The recently released Intel Optane, and particularly the 2nd generation Optane to be released in early 2020, has a latency of only 10-20us [1], which is becoming close to memory latency ([2]). It is also worth noting that a 4KB data transfer size is rather small, and applications often use larger transfer granularity. The gap narrows further with larger transfer sizes since all storage technologies suffer a significant initial access latency. For example, the current Samsung Evo Plus SSD can achieve read rate of 3 GB/sec and the 2nd generation Optane should also achieve similar rates. Thus the actual

time required to read a 4KB block is only about 1.3us; the rest being overhead. Thus large transfers from SSDs and Optanes may reduce the gap between memory and storage latency to only a few X.

With very fast storage, the overhead of caching mechanisms in terms of both computation and memory reads/writes becomes significant. For example, a mechanism that requires maintaining substantial amount of information about the access patterns to enable intelligent prefetching or retention could become unattractive unless the additional overhead can be more than compensated by the improvement in the hit rate. Consequently, we will largely use the popular LRU (leastrecently used) caching mechanism [3] as a baseline because of its simplicity and effectiveness in practice. However, we will also evaluate some variants of LRU as well, as discussed below; however, it is important to note that sophisticated, high-overhead caching mechanisms, are less likely to be useful as the storage latency goes down.
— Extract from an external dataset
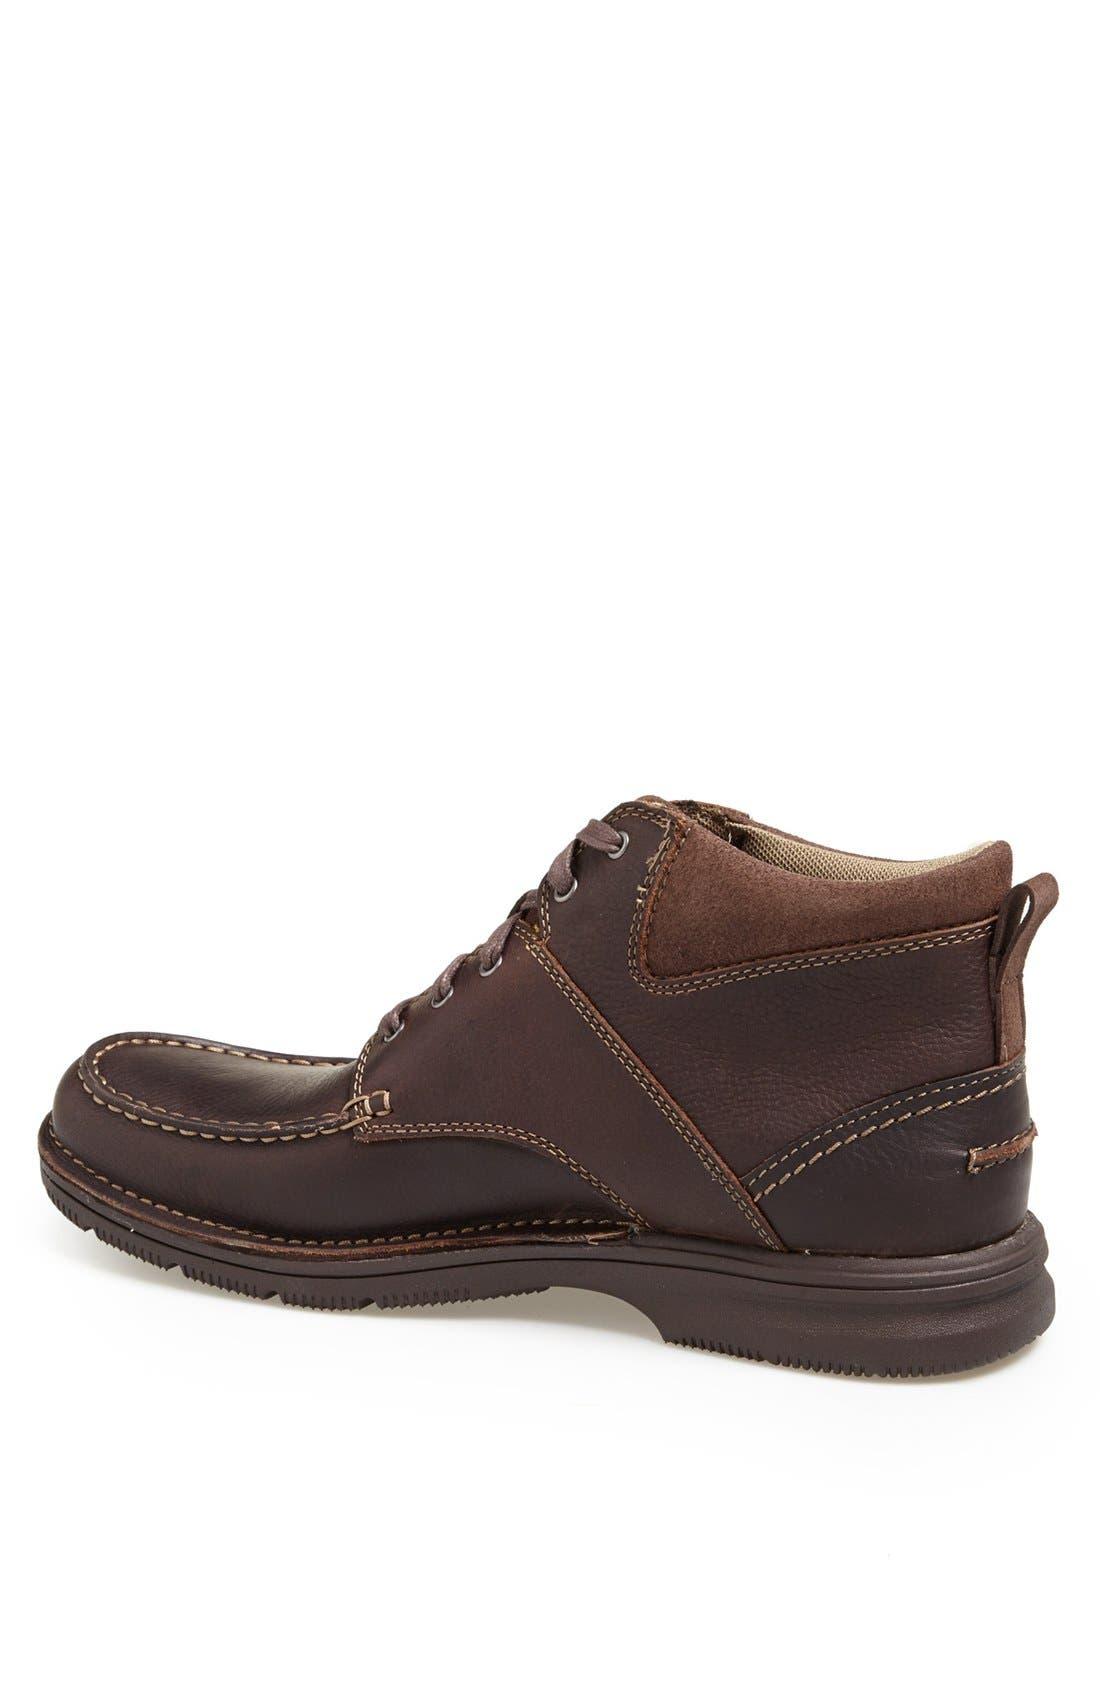 Alternate Image 2  - Clarks® 'Senner Court' Moc Toe Boot

The outline of the rest of the paper is as follows. Section II discusses the related work. Section III discusses the methodology and implementation of FussyCache. Section IV then discusses the experimental evaluation. Finally, section VI concludes the paper.

# **II. Related Work**

Caching is an extremely rich area with numerous algorithms; the most popular ones being LRU and its variants such as LFU, ARC (Adaptive Replacement Cache) ( [4]), ACME ( [5]), and Sequential Adaptive Replacement Cache (SARC) [6]. Other related algorithms include Adaptive Multistream Prefetching (AMP) [7], Domino [8], Sampled Temporal Memory Streaming (STMS) [9], Tombolo [10], etc.

Majority of research related to caching has focused on attaining higher cache hit rates by making intelligent decisions corresponding to potential cache candidates. However, for the given storage hierarchy, it could make more sense to do away with the aforementioned mechanisms with a cache that does not prefetch and is not populated whenever a block of data is requested for. This is because serving random accesses from the next layer of storage maybe a more suitable approach due to its low access latency compared to previous traditional storage systems. Only "popular" data can reside in the cache (which is the fastest storage layer) as requests for this data is not considered to be random. None of the previous work has dealt with the issue of caching from very fast devices and this paper addresses that.
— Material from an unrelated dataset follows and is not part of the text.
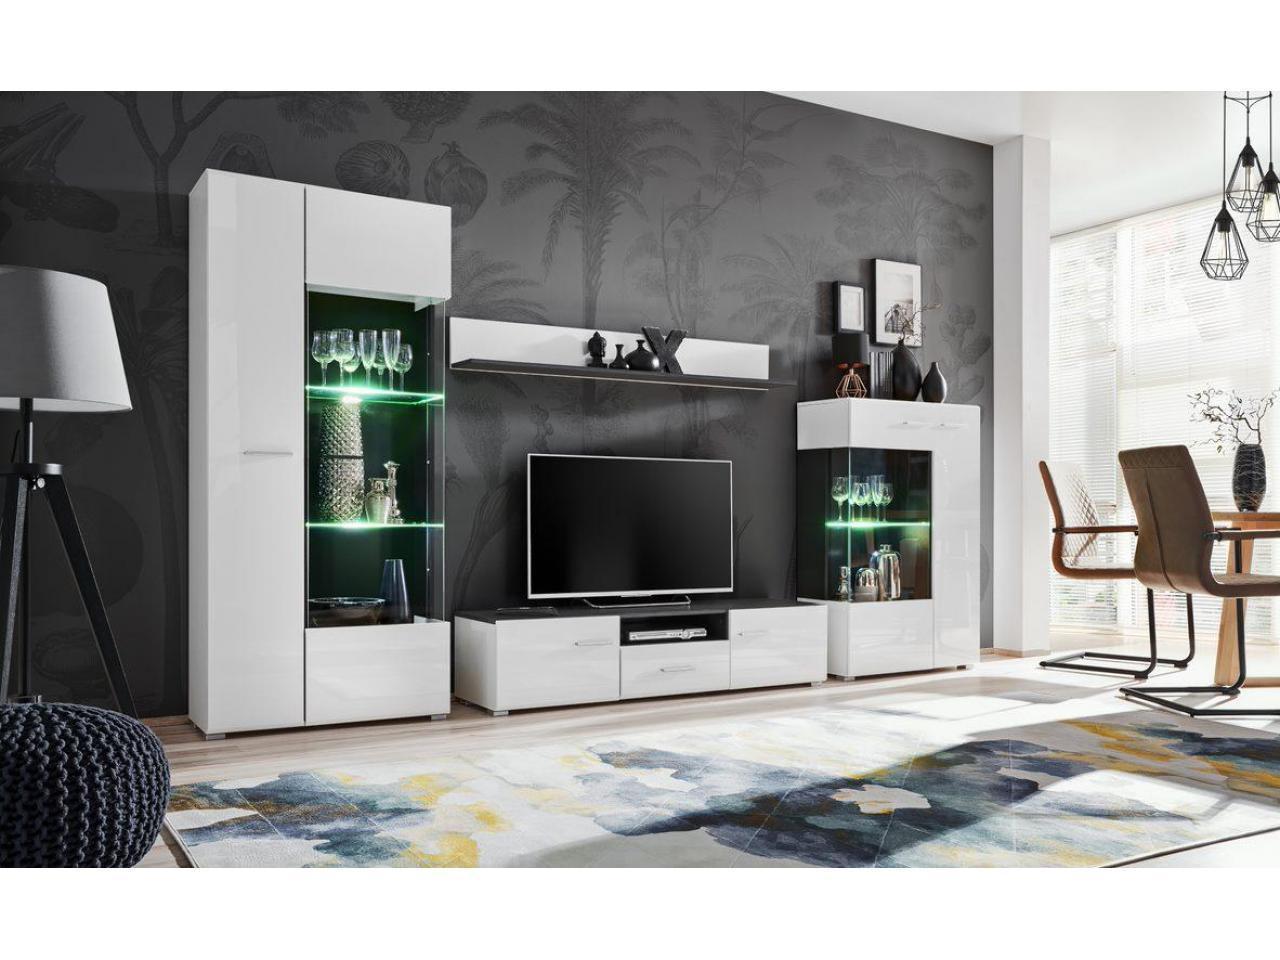 Furnipol - Польская мебель по доступным ценам - 9

# **III. Implementation Methodology**

## A. FussyCache Overview

Our approach consists of splitting the usual memory cache into 2 caches - a data cache (DC) and a dynamic metadata cache (DMC). Both caches are block caches i.e. data is assumed to be accessed in the LBA level, although we will treat LBAs more like chunks. The major difference between DC and DMC is that the latter does not store data corresponding to the block addresses. The DC houses only the identified popular data while the DMC stores the frequency corresponding to recently accessed blocks. The DMC also monitors the blocks that have turned popular i.e. blocks whose frequency has crossed a certain threshold value. Newly popular blocks are inserted into the DC along with the data, whereas the blocks evicted from the DC are inserted into the DMC (without the data, and the data is discarded).
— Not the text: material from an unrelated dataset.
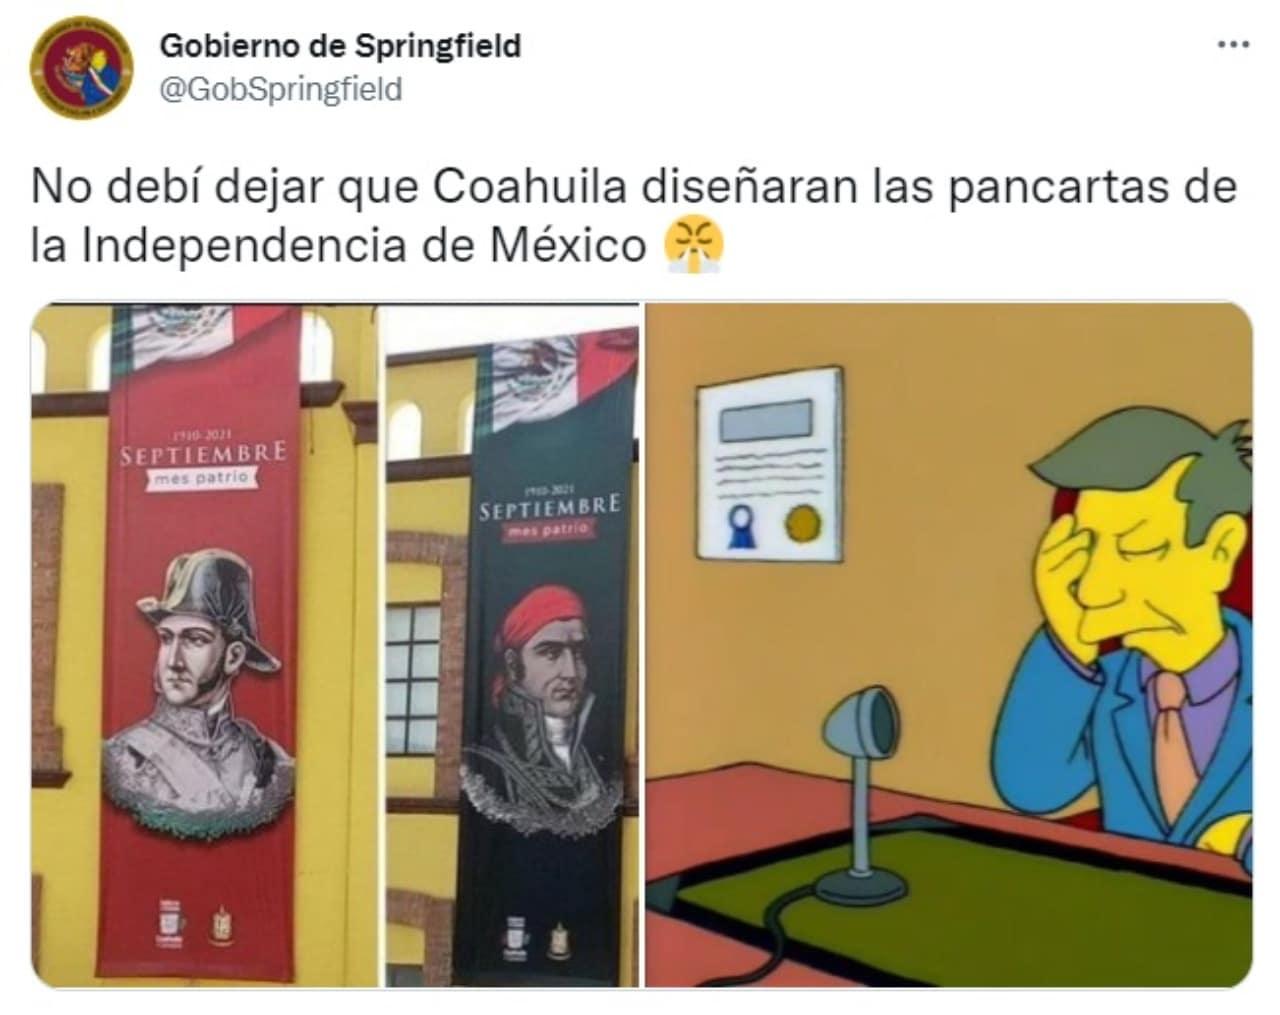 Coahuila independencia mexico 1910 imagenes centro

DMC also keeps a check on whether the DC's hit rate is decreasing and if so it switches the DC to a traditional native cache, which implements a LRU or other simple mechanism. This is to enforce the "do-no-harm" idea. There are certain scenarios, as discussed later, where the shuffling of the items between the DMC and DC is not useful and thus ends up hurting the performance. In such cases, the mechanism automatically reverts to the native scheme. However, the DMC does continue to run in the background so as to detect whether the original mechanism can be brought to the forefront again. The targets of incoming requests are first checked if they have been marked as popular or not. If they are, their data is cached in the DC. In both cases, the metadata is entered into DMC (for new requests) or updated.

The mechanism currently treats both reads and writes identically i.e. it does not distinguish between read popular data and write popular data. This is reasonable when the read and write latencies do not differ much; however, for storage devices with substantial difference in read and write speeds, it would be useful to weight the reads and writes differently. For example, the current high end SSDs and Optane drives do not show much difference in their read/write latencies. The phase change memory (PCM) based devices, when available, are expected to have significant differences in read and write speed because of the basic nature of the operations (write performed by melting of material and its cooling, whereas read is simply a check on the conductivity properties).

## B. FussyCache Parameters

Our algorithm has the following internal parameters:

• *freqThreshold*: This parameter determines whether a certain block is popular or not. Once a certain block has been accessed more than *freqThreshold* number of times, it is declared to be popular. If aggressive caching

is desired, then this parameter is set to a low value such as 3 or 4.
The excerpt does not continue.